Of course, the fact that Texas has more in terms of a claim on romantic imagery than, say, Delaware — whose drivers are forced to sport the sort of monochromatics that go a long way toward reinforcing the idea that the place is a Mecca for accountants — might have something to do with all of this. Still, having easy pickins for source material doesn’t automatically spell iconic when it comes to tag design (ahem, New York; what the fuck happened to those Lady Liberty plates?), nor does having to dig for mythology mean that a State should resign itself to two-color representation (check out this fine Nebraskan example).

Those states that still insist on printing up simply utilitarian tags should probably consider the repercussions in terms of potential income: Let’s say you’re Vermont. You press stacks and stacks of plain green tags, and when your drivers get stuck in traffic while trying to negotiate the infuriating roads of Boston, all those would-be Masshole tourists get the message that your state is…

totally fucking boring. So you can flush those Burberry-clad tourist millions down the toilet.

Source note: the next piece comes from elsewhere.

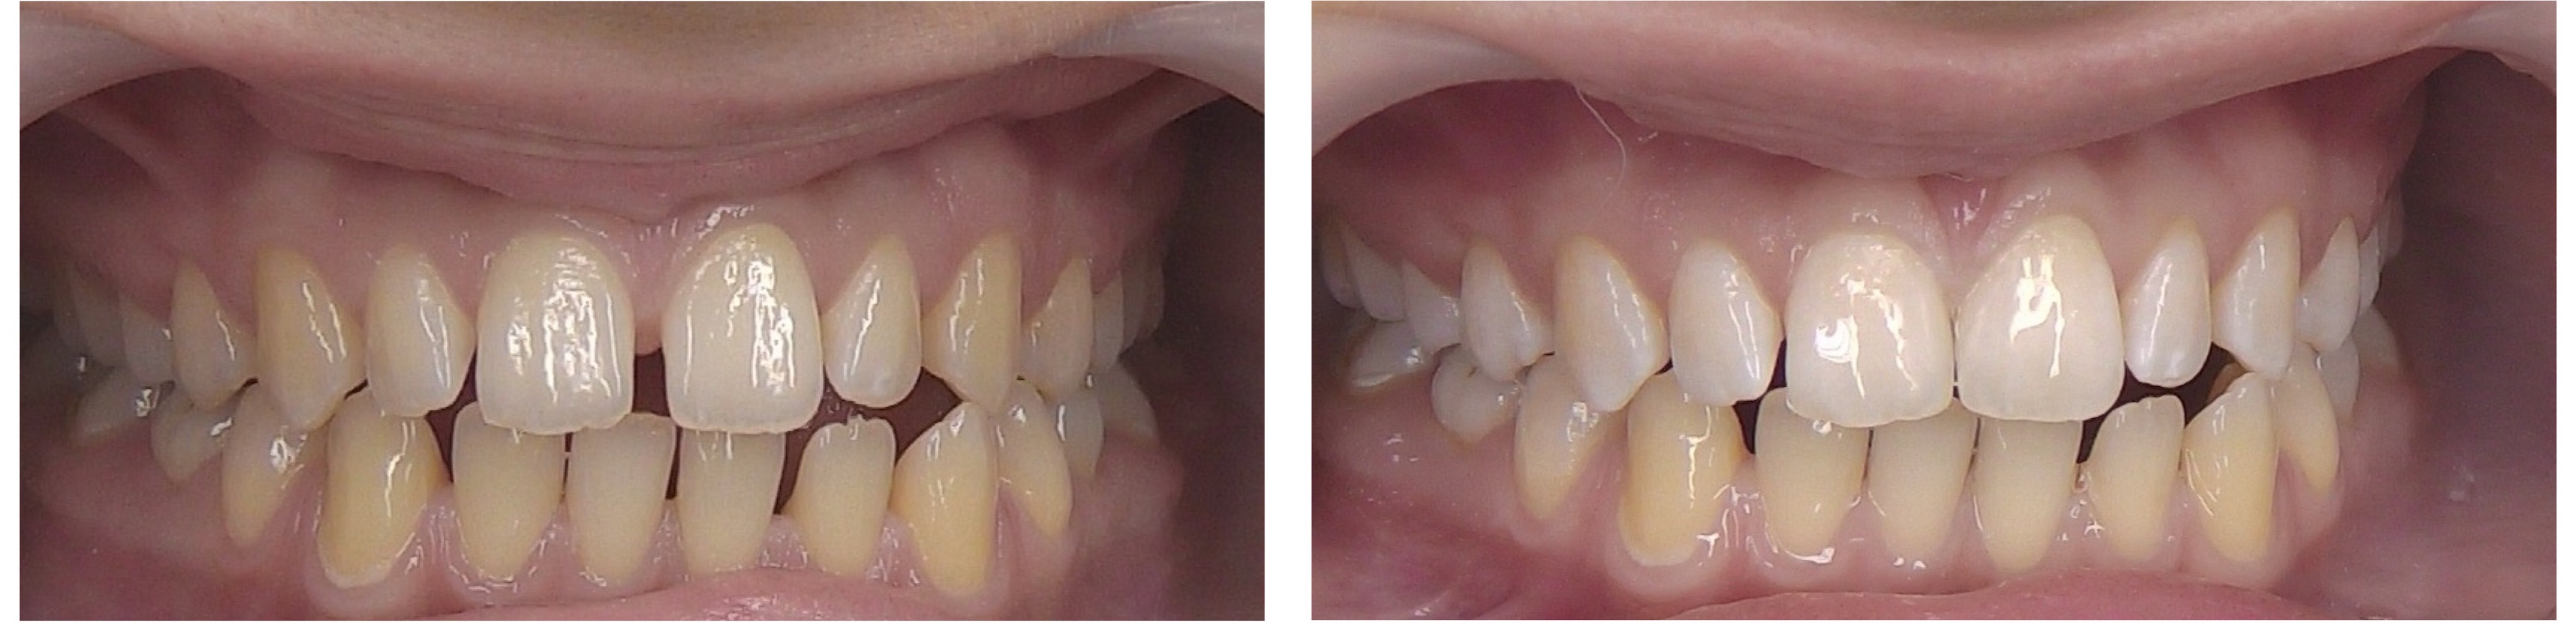 Фото до и после лечения диастемы
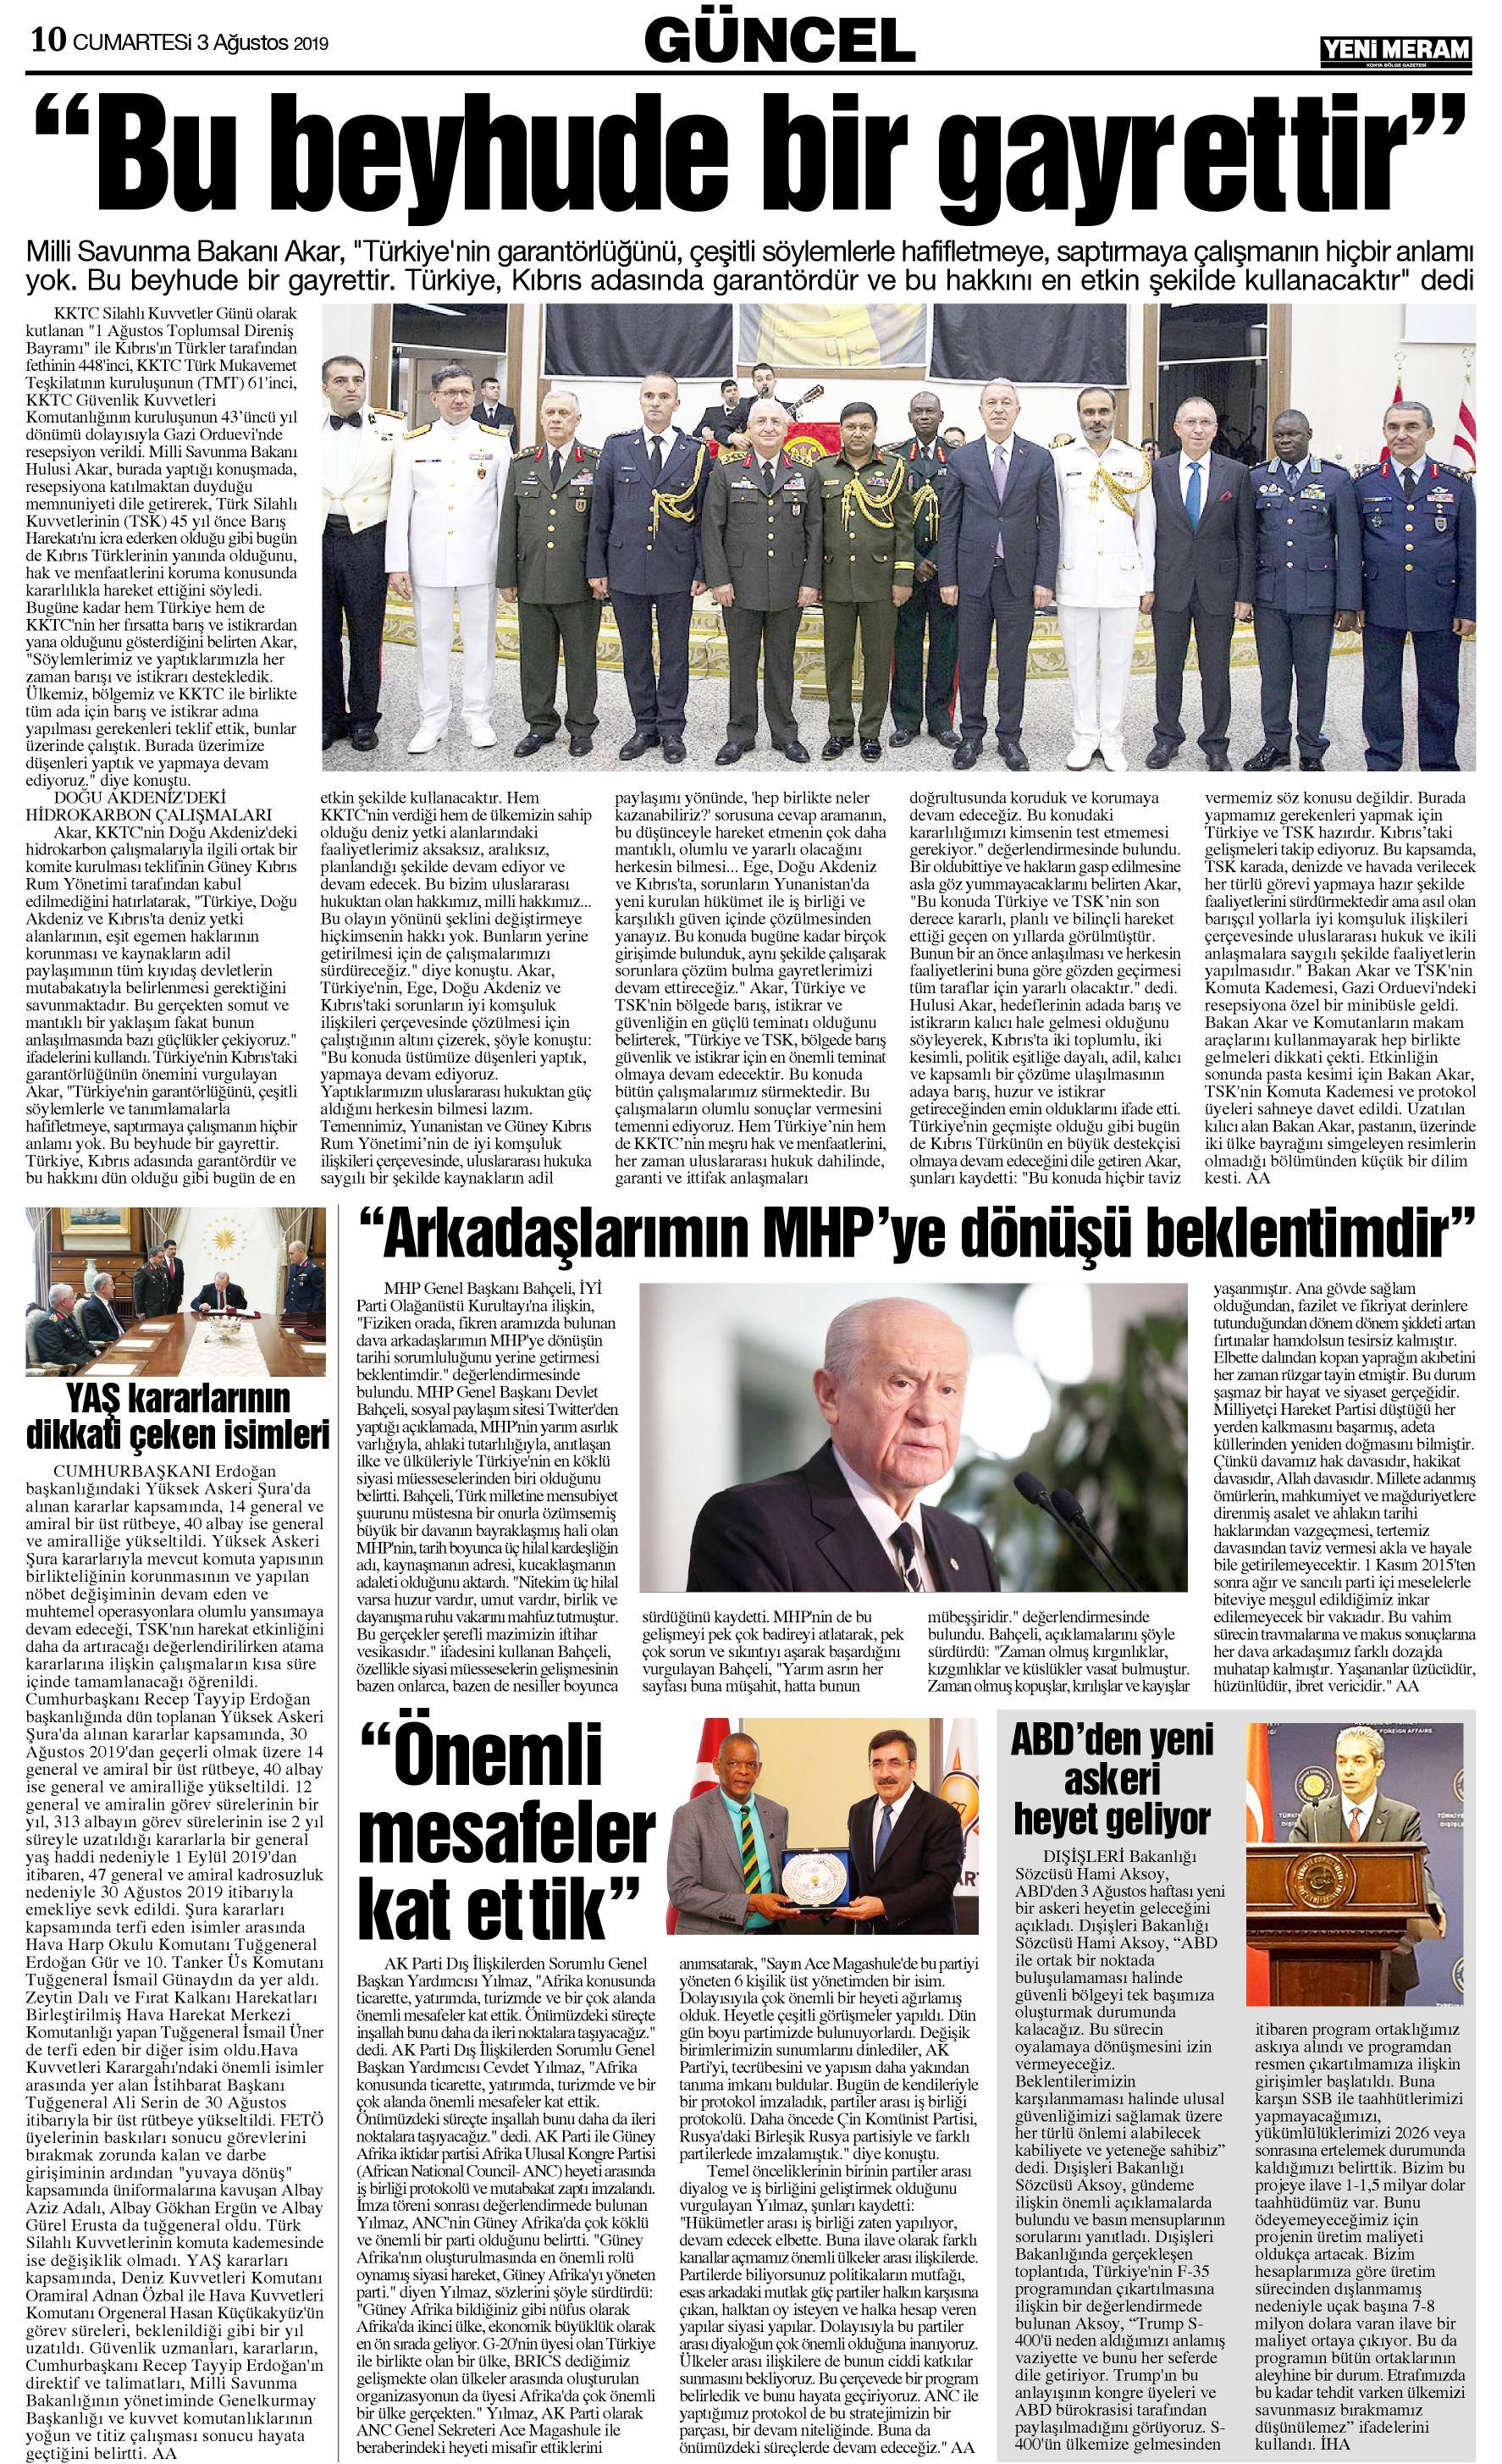 3 Ağustos 2019 Yeni Meram Gazetesi

Sure, it’s just a license plate. The thing probably gets banged together by folks whose only relevant skill-set is the ability to do two-to-five well enough that they get the privilege of a work detail. And, after it leaves the prison factory, it’s probably going to get more facetime with fenders than it will with any prospective tourists. But c’mon: Have a little pride, Vermont, New York, and Georgia. And New Jersey and Maryland and Florida. Make me care about your state; make me want to come visit. I know that there’s more to you than you’re letting on. I mean, if Texas — which, in the process, managed to stay away from some of the images that most of the world would first associate with the place — can dig deep and use some of the most inhospitable geography on the face of the planet to evoke positive, touristy visions, chances are that you can do better.